**Instructions to follow:** Please write out the listing exactly, leaving each picture out.

**Available data:**
Content starts

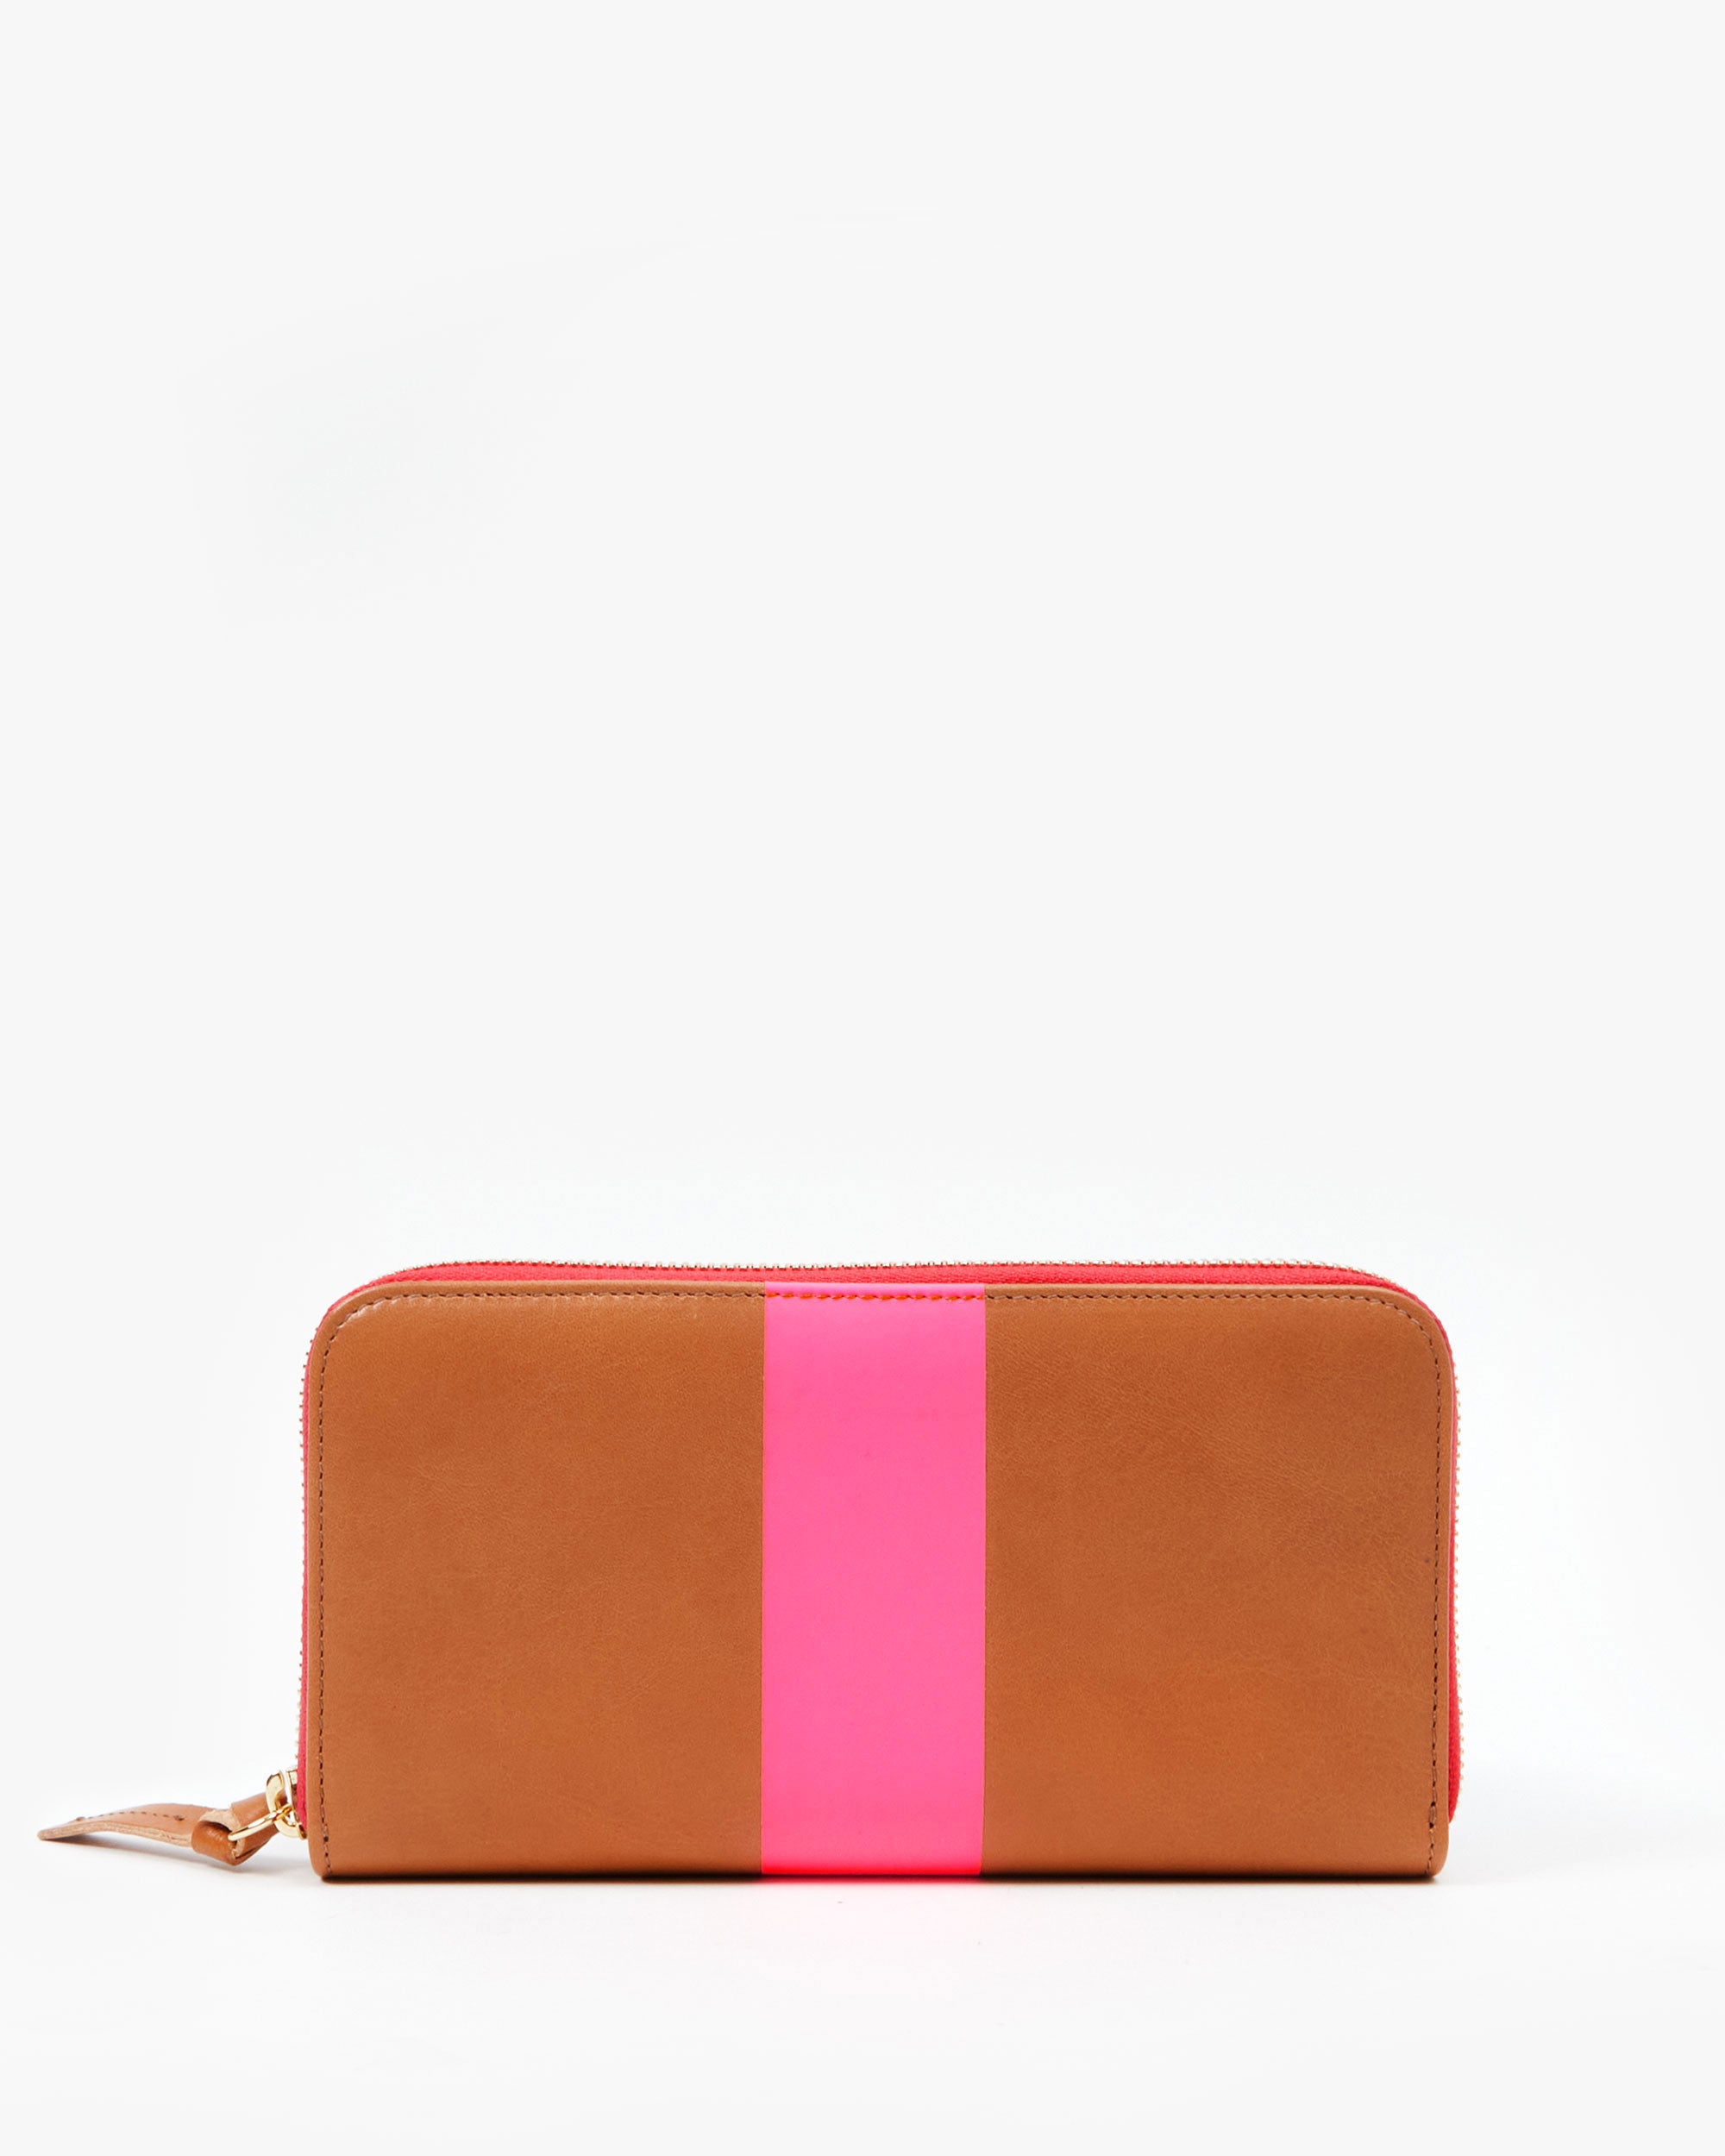 Clare V. chit chat. Matilde with the Neon Pink Le Zip Sac
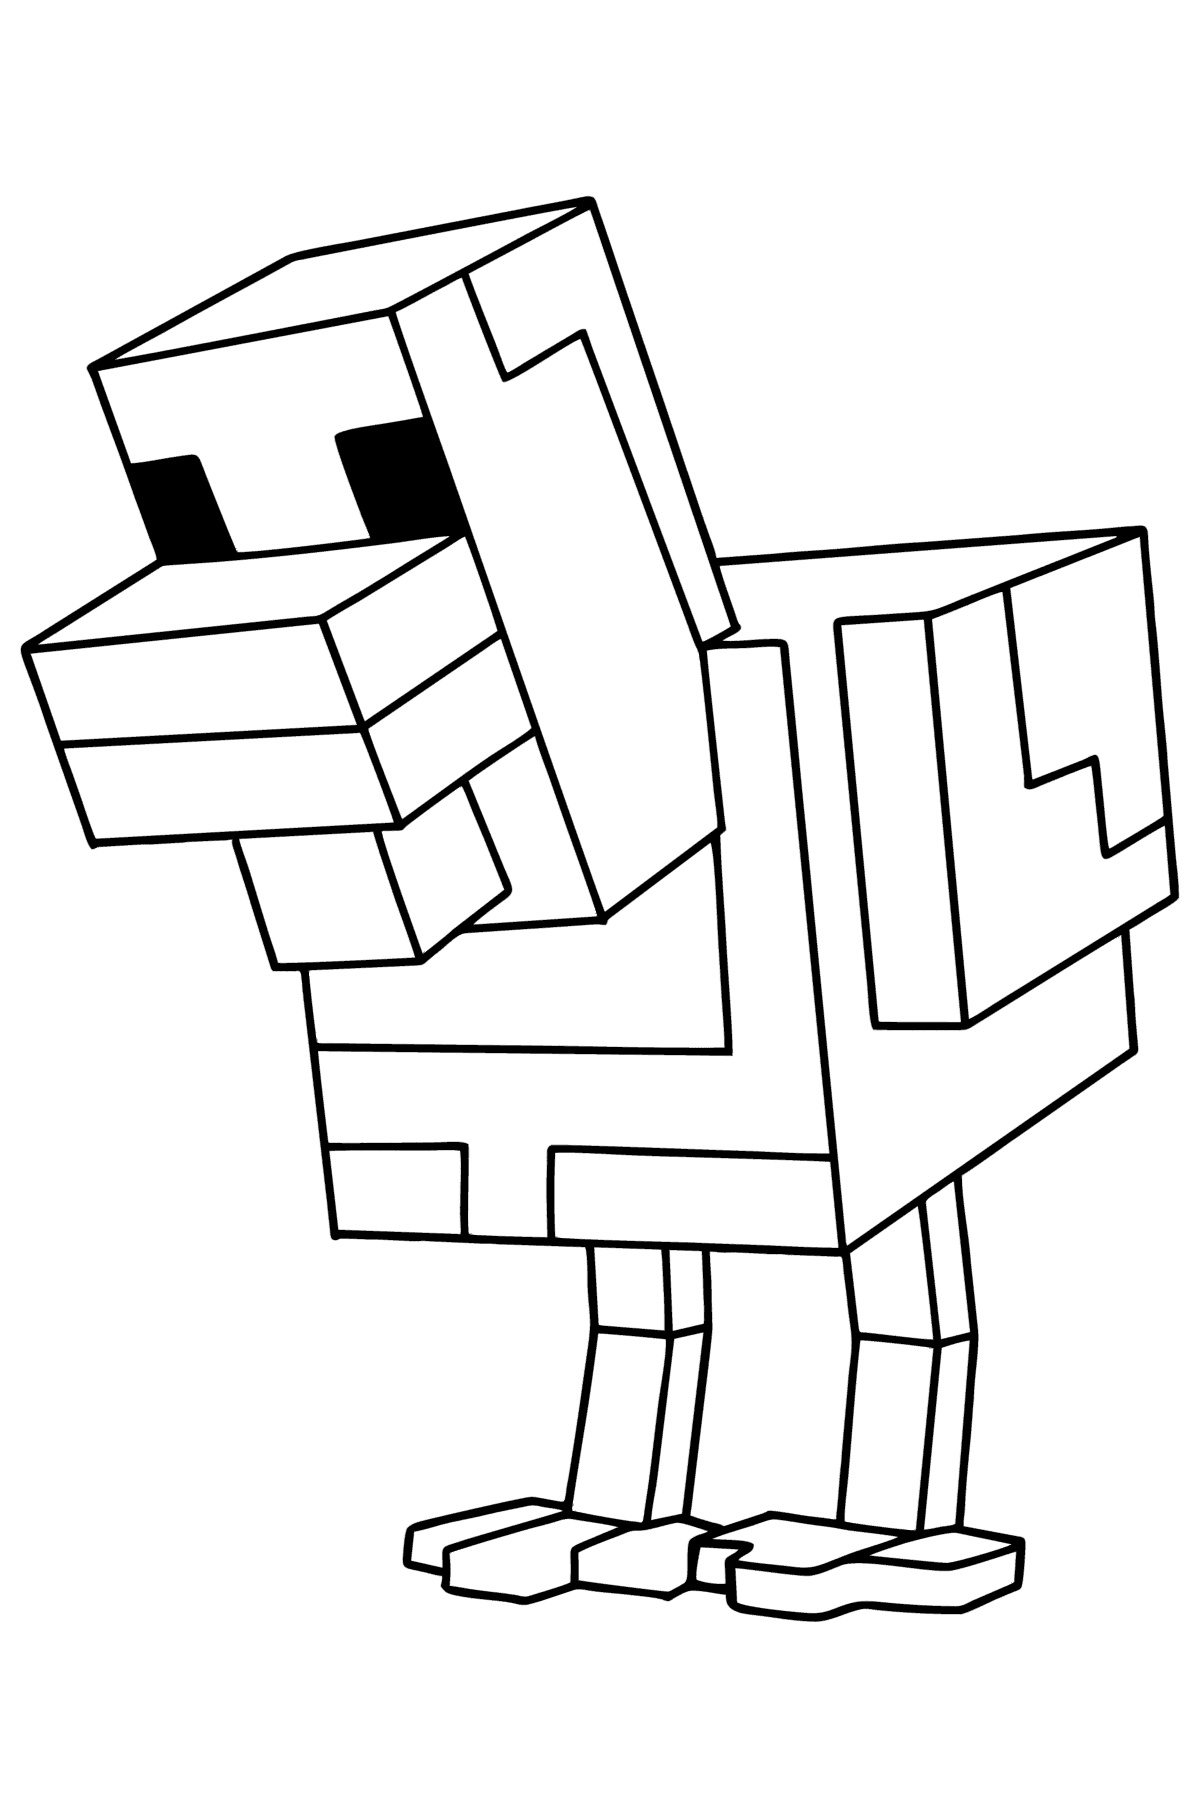 Minecraft Chicken coloring page - Coloring Pages for Kids
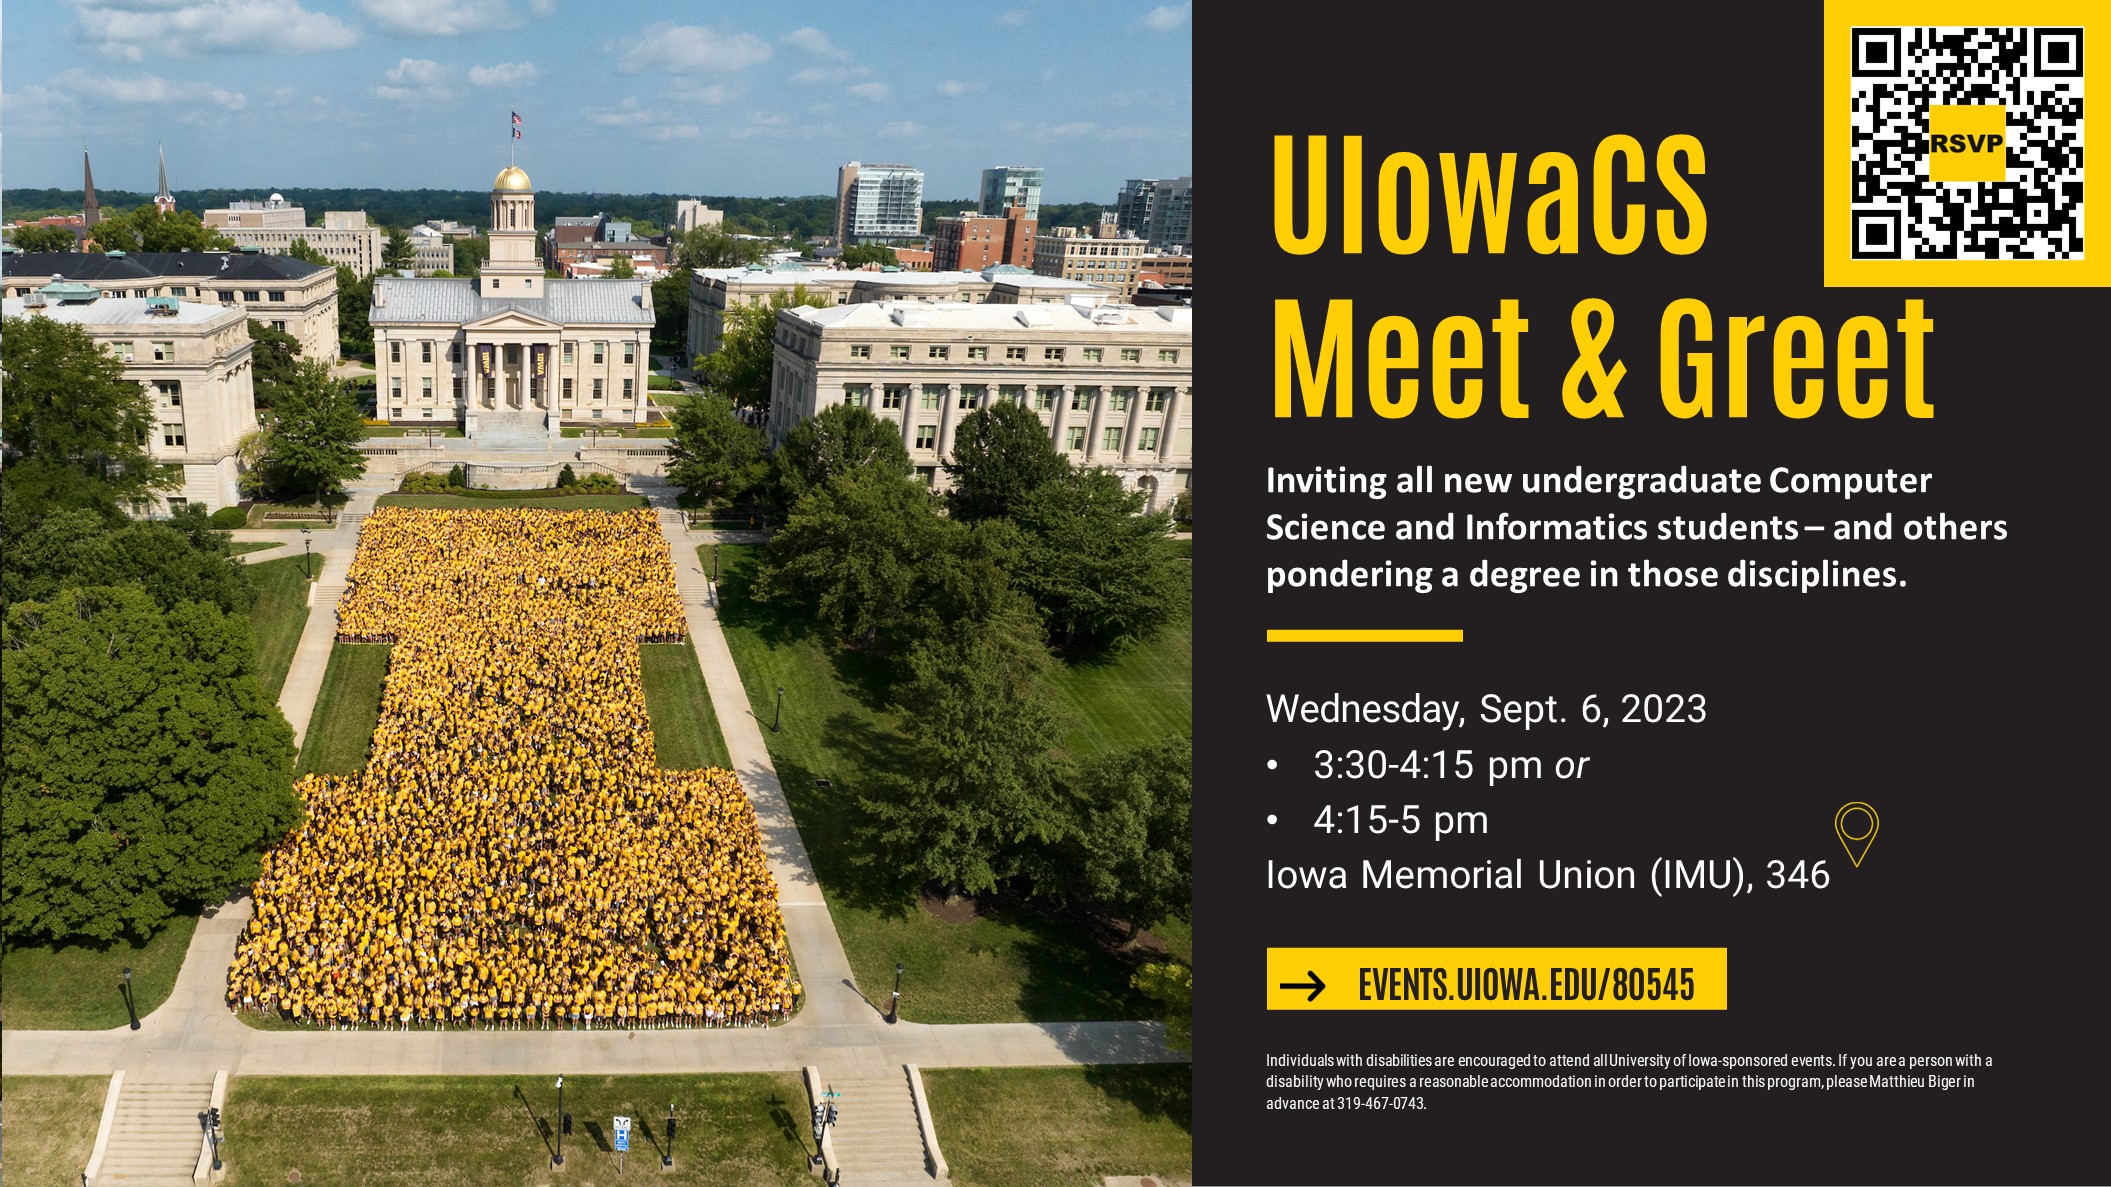 UIowaCS Meet & Greet; Inviting all new undergraduate Computer Science and Informatics students – and others pondering a degree in those disciplines. Wednesday, Sept. 6, 2023   3:30-4:15 pm or 4:15-5 pm Iowa Memorial Union (IMU), 346 - with Fall 2022 IOWA

Content ends

**Response:**
 Clare V. chit chat. Matilde with the Neon Pink Le Zip Sac
 Minecraft Chicken coloring page - Coloring Pages for Kids
 UIowaCS Meet & Greet; Inviting all new undergraduate Computer Science and Informatics students – and others pondering a degree in those disciplines. Wednesday, Sept. 6, 2023   3:30-4:15 pm or 4:15-5 pm Iowa Memorial Union (IMU), 346 - with Fall 2022 IOWA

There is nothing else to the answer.